Tego można było się spodziewać od Audi, moze nie koniecznie takiej dawki mocy, ale czegoś innego (czyt .mocniejszego,ekskluzywniejszego,szybszego i ect.) od innych niemieckich rywali, Wkoncu na rynku jest nowa S-klasa, a już niedługo w salonie pojawi sie nowa super lekka seria 7 wiec i ludzie z Audi musieli pokaże coś ciekawego...a ku mojemu zaskoczeniu pokazali coś szalonego, tego to się nie spodziewałem (ale to jedyna niespodzianka ) 

A teraz mała porcja danych technicznych, czyli :  605 KM 750Nm i od 0 do 100km/h w 3,8 s, bardzo zacnie osiągi jak na coś o wadze czołgu, aaa i ten czołg objedzie jakiegoś żelusia z przerostem prostaty i ego ( Gallardo Superllegera robi ten sam czas) 

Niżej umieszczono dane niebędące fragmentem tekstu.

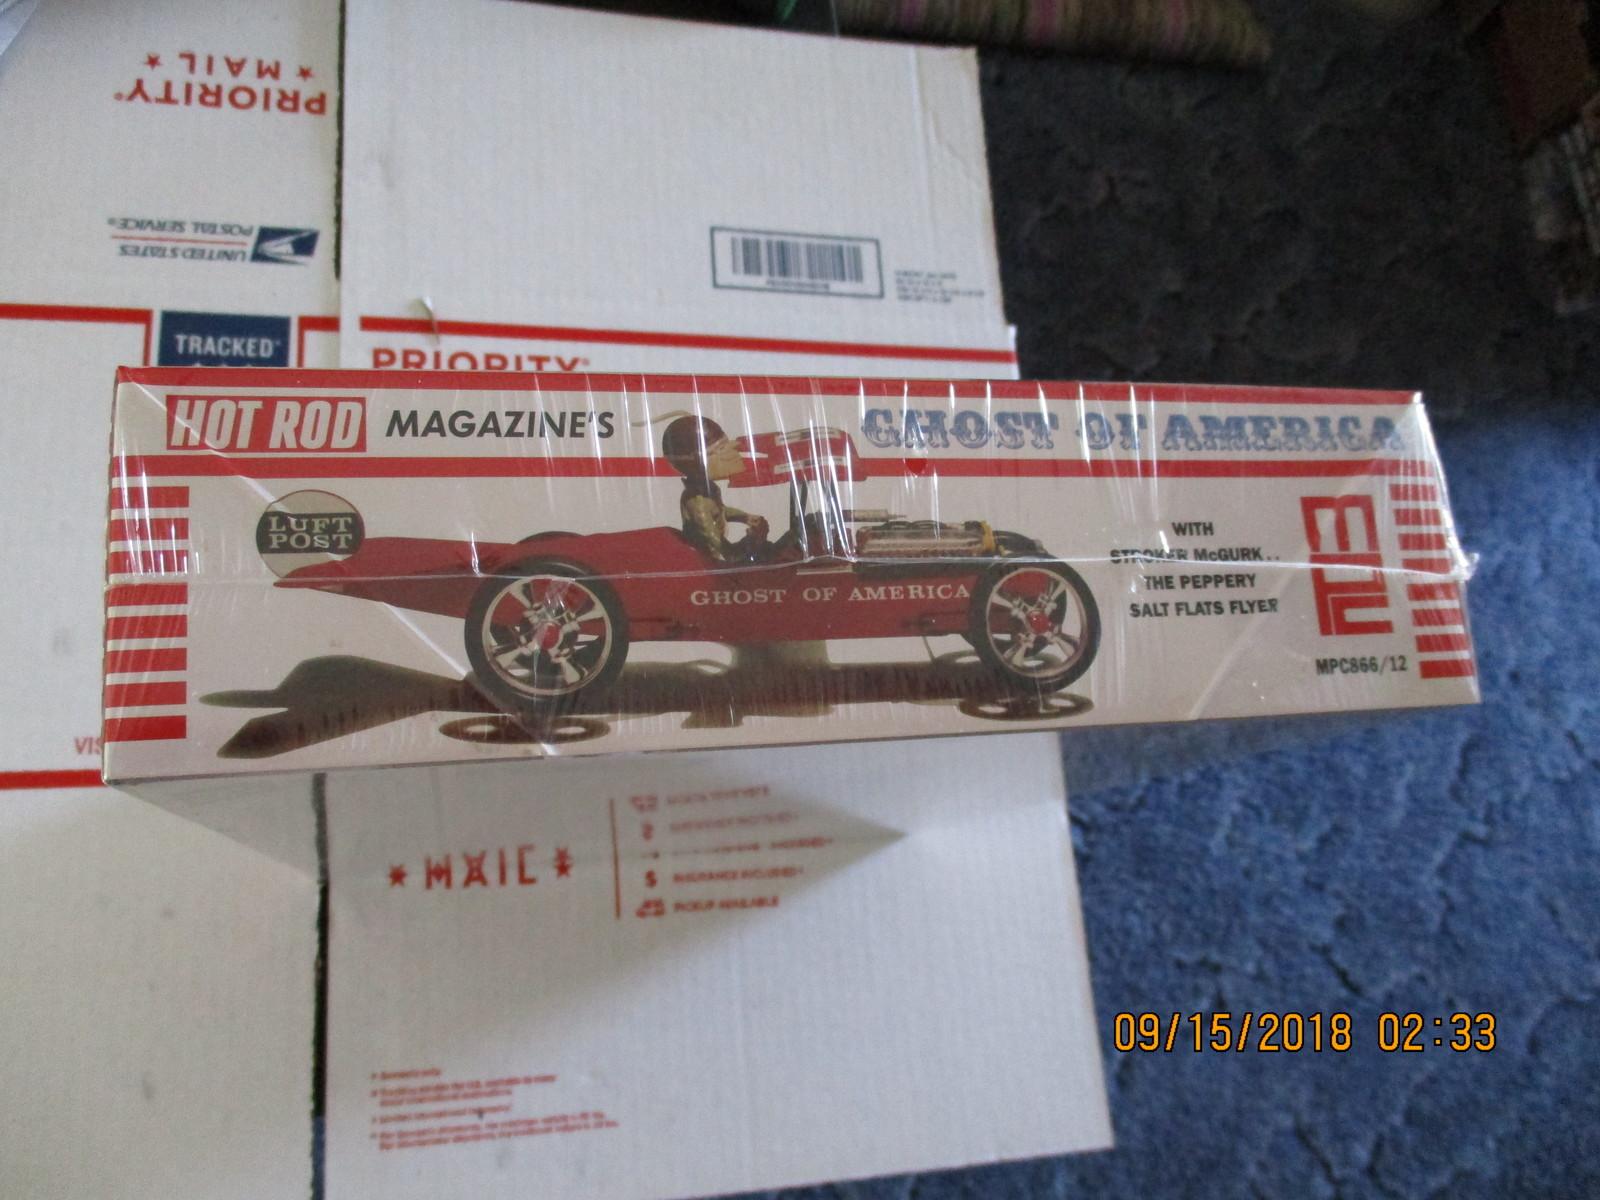 MPC Hot Rod Magazines RETO Stroker McGurk Ghost of America Hot Rod 1/18 scale

Wydaje mi sie ten samochód czymś w rodzaju Veyrona, coś szalonego,pokaz możliwości, prężenie miesi tylko w tym przypadku dalej bedzie to poprzednia wersja A8 przy nowych rywalach z Niemczech , Bogaci popatrzą na to jak na odgrzewany kotlet z chili który nadal jest smaczny ale już go znają.  

czwartek, 25 czerwca 2015

Alfa Romeo Giulia - Spóźnione ale oszałamiające dzieło makaroniarzy

Alfa nigdy nie robiła zwykłych samochodów, tak jest w tym przypadku, jest piękna, mocna, szybka...nie masz się do czego przyczepić, chce Ją mieć ! Teraz, już, natychmiast...


Po 1; To coś ze zdjęcia jest piękne, oszałamiające, fakt powinno pojawić się rok temu, ale to włosi można na to przymknąć oko, prezentuję się wręcz jak bogini, i mogę cie zapewnić ze będziesz w tym wyglądać dużo lepiej nić jakim kolwiek Mercedesie, Audi czy BMW, a jeśli zamierzasz się kiedyś tego pozbyć, możesz być pewien ze nie kupi tego jakiś pan w dresie i czapką który przyjedzie oglądać twój samochód z super "blądi" i słuchając techno.

 A no i powinieneś dać sobie radę do 100 km/h z cała święta trójca z niemiec BMW M3 - 4,3 s, RS4 - 4,7s , AMG C63S - 4 s , a ty całkiem przypadkiem zrobisz to w  3,9 s przy dźwięku V6 od Ferrari. Tym nie może pochwalić się żaden z rywali, twoji koledzy tym faktem będą zaskoczeni i a ich  zazdrość sięgnie czerwonego pola a dziewczyny będą miały mokro, ( jak bym był dziewczyną to bym miał )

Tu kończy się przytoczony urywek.